Quand le 312 pieds de long (400 mètres de long) jamais donné s’est d’abord logé dans le canal la semaine dernière, il a empêché une centaine d’autres cargos de passer. Au moins 20 de ces navires avait des animaux vivants à bord. Selon estimations fabriqués par Animals International à but non lucratif pour les droits des animaux, ces 20 navires contenaient probablement un total de 200 000 animaux, y compris des moutons, des bovins et d’autres animaux d’élevage. C’est comme une version vraiment déprimante de l’arche de Noé.

Même si les ouvriers ont finalement réussi à déloger le bateau plus tôt cette semaine, toutes ces créatures sont probablement confrontées à un destin sinistre. Après avoir passé des jours coincés dans le canal, les cargos sur lesquels les animaux se trouvent sont rapidement à court de nourriture et d’eau.

C’est le cas même si certains navires étaient légalement tenus de se préparer à une telle situation. La législation de l’Union européenne stipule que les navires transportant des animaux vivants doivent charger 25% plus d’aliments que nécessaire pour leurs voyages au cas où ils subiraient des retards. Mais un représentant d’Animaux International a déclaré à l’observateur de l’UE que les expéditeurs se dérobent souvent à ces responsabilités et que même avec ces 25% supplémentaires d’approvisionnements à bord, les voyages des navires ont été trop retardés pour que la préparation fasse une grande différence.

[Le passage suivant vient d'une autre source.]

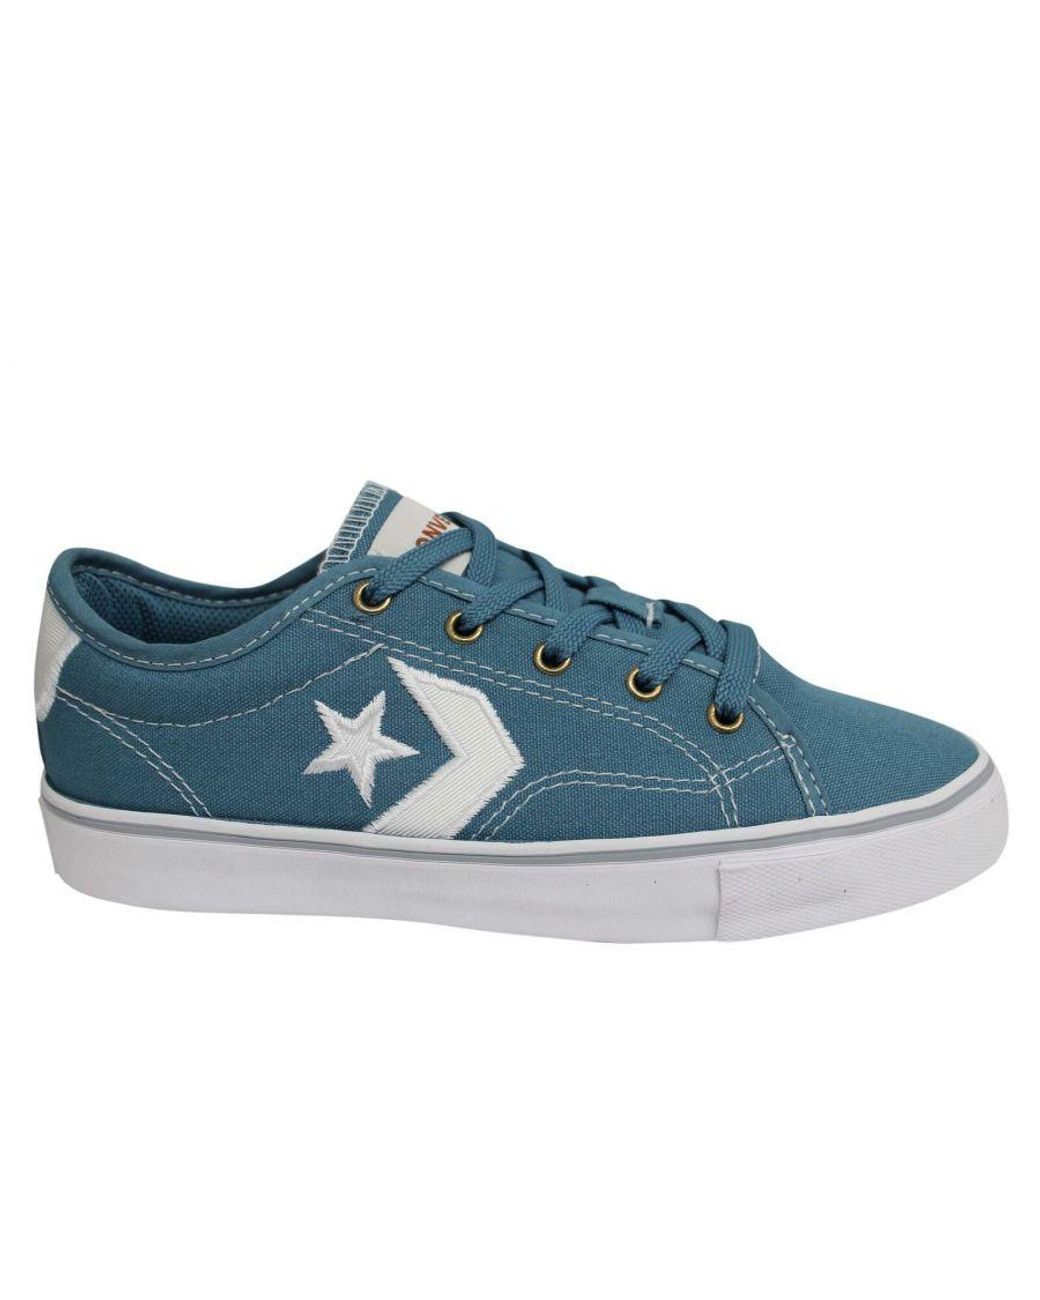 Converse Star Replay Ox Blue Textile Low Lace Up Trainers 565251c | Lyst UK

Pour être clair, ces animaux sont tous du bétail, et ce n’est pas comme s’ils étaient entassés sur ces navires pour être envoyés s’ébattre dans de beaux pâturages. Les moutons devaient être dépouillés pour la laine, les bovins devaient être traites et mangés. Mais encore, la situation montre la cruauté du commerce d’exportation vivant, qui traite les animaux comme des marchandises au lieu d’être des êtres vivants. Le bétail est bourré étroitement dans des conteneurs de fret et souvent abusé. Il y a des rapports de créatures sur ces navires tomber et se faire piétiner à mort et noyade lorsque les navires coulent. Même en temps normal, ce processus est assez sombre.

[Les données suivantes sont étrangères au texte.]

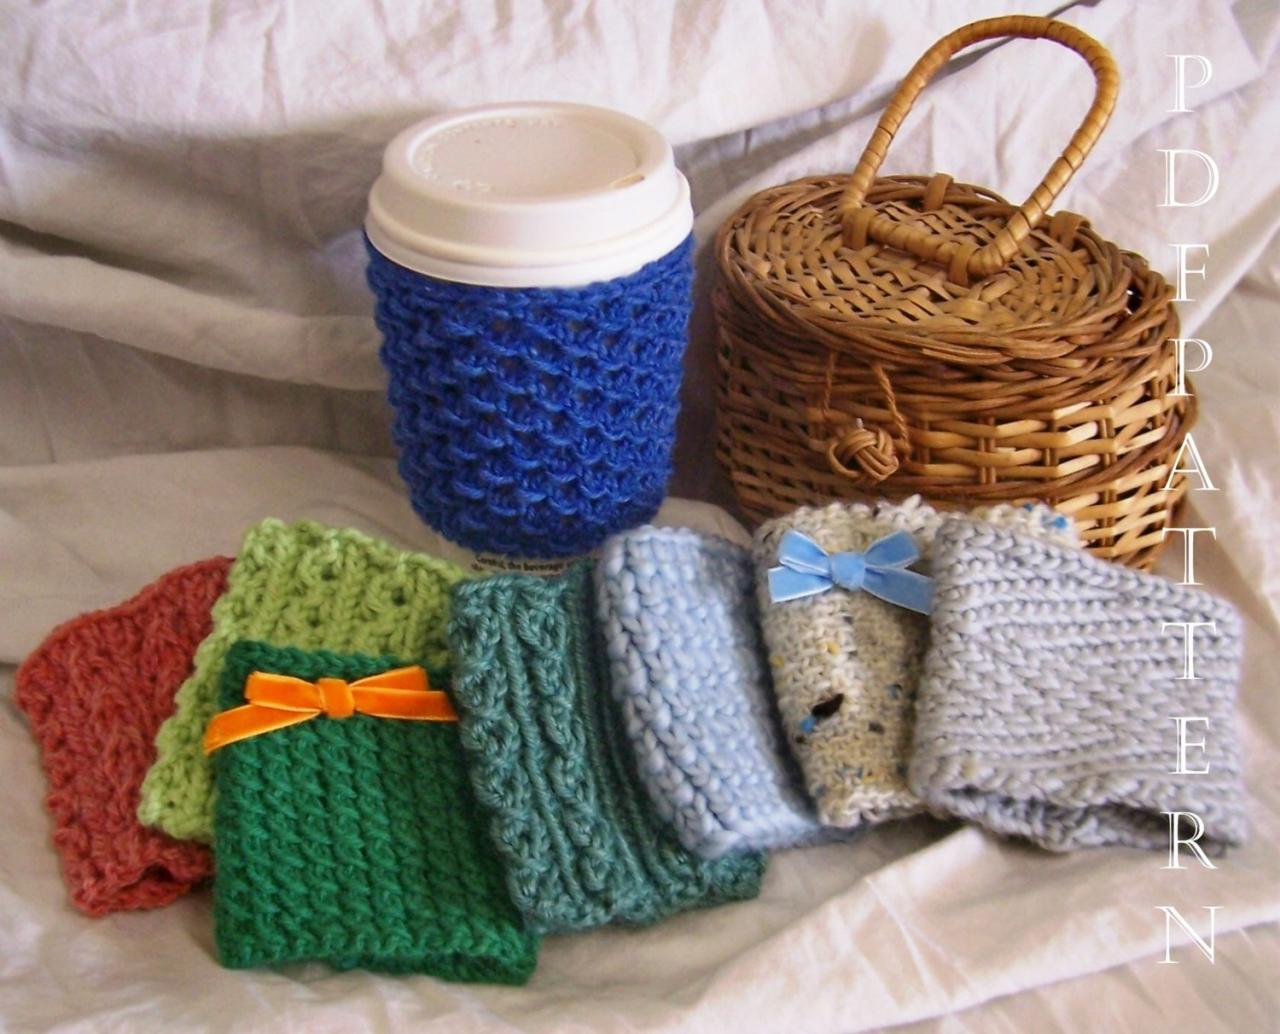 8 Cup Cuddler Instant Download Pdf Knitting Patterns - Series Iii

«Parfois, il y a de vrais scandales quand les choses tournent mal, mais c’est une horreur au quotidien», Peter Stevenson, directeur des politiques du groupe de protection des animaux Compassion in World Farming, a dit à Bloomberg.

Tout ce commerce international de bétail n’est pas seulement cruel, il est également insoutenable. L’agriculture animale est responsable de 14,5% de toutes les émissions de gaz à effet de serre et détruit la capacité des prairies à séquestrer le carbone, aggravant la crise climatique. Envoyer du bétail partout dans le monde sur des navires géants crée encore plus d’émissions liées au réchauffement climatique.

Si l’on met de côté l’éthique de la consommation de viande, il peut sembler inutile d’expédier des animaux sur des centaines voire des milliers de kilomètres alors qu’ils pourraient être élevés dans le pays où ils finiront par être consommés. Mais en réalité, la catastrophe qui se déroule dans le canal de Suez cette semaine fait partie d’un problème plus important avec ce qui passe pour «efficacité». Expédition est responsable de plus de 1 milliards de tonnes de dioxyde de carbone chaque année, et beaucoup de ces émissions sont le résultat de processus ridiculement inutiles. Des centaines de milliers de conteneurs d’expédition vides faites le tour du monde chaque mois parce que c’est moins cher que de les remplir, mais cela coûte également cher à la planète. Comme le montre la catastrophe du canal de Suez, le le commerce des animaux est également un gaspillage à cet égard.

Il est peut-être temps de repenser la façon dont nous traitons les animaux, non seulement par altruisme, mais aussi pour le bien de tout sur la planète – y compris nous-mêmes.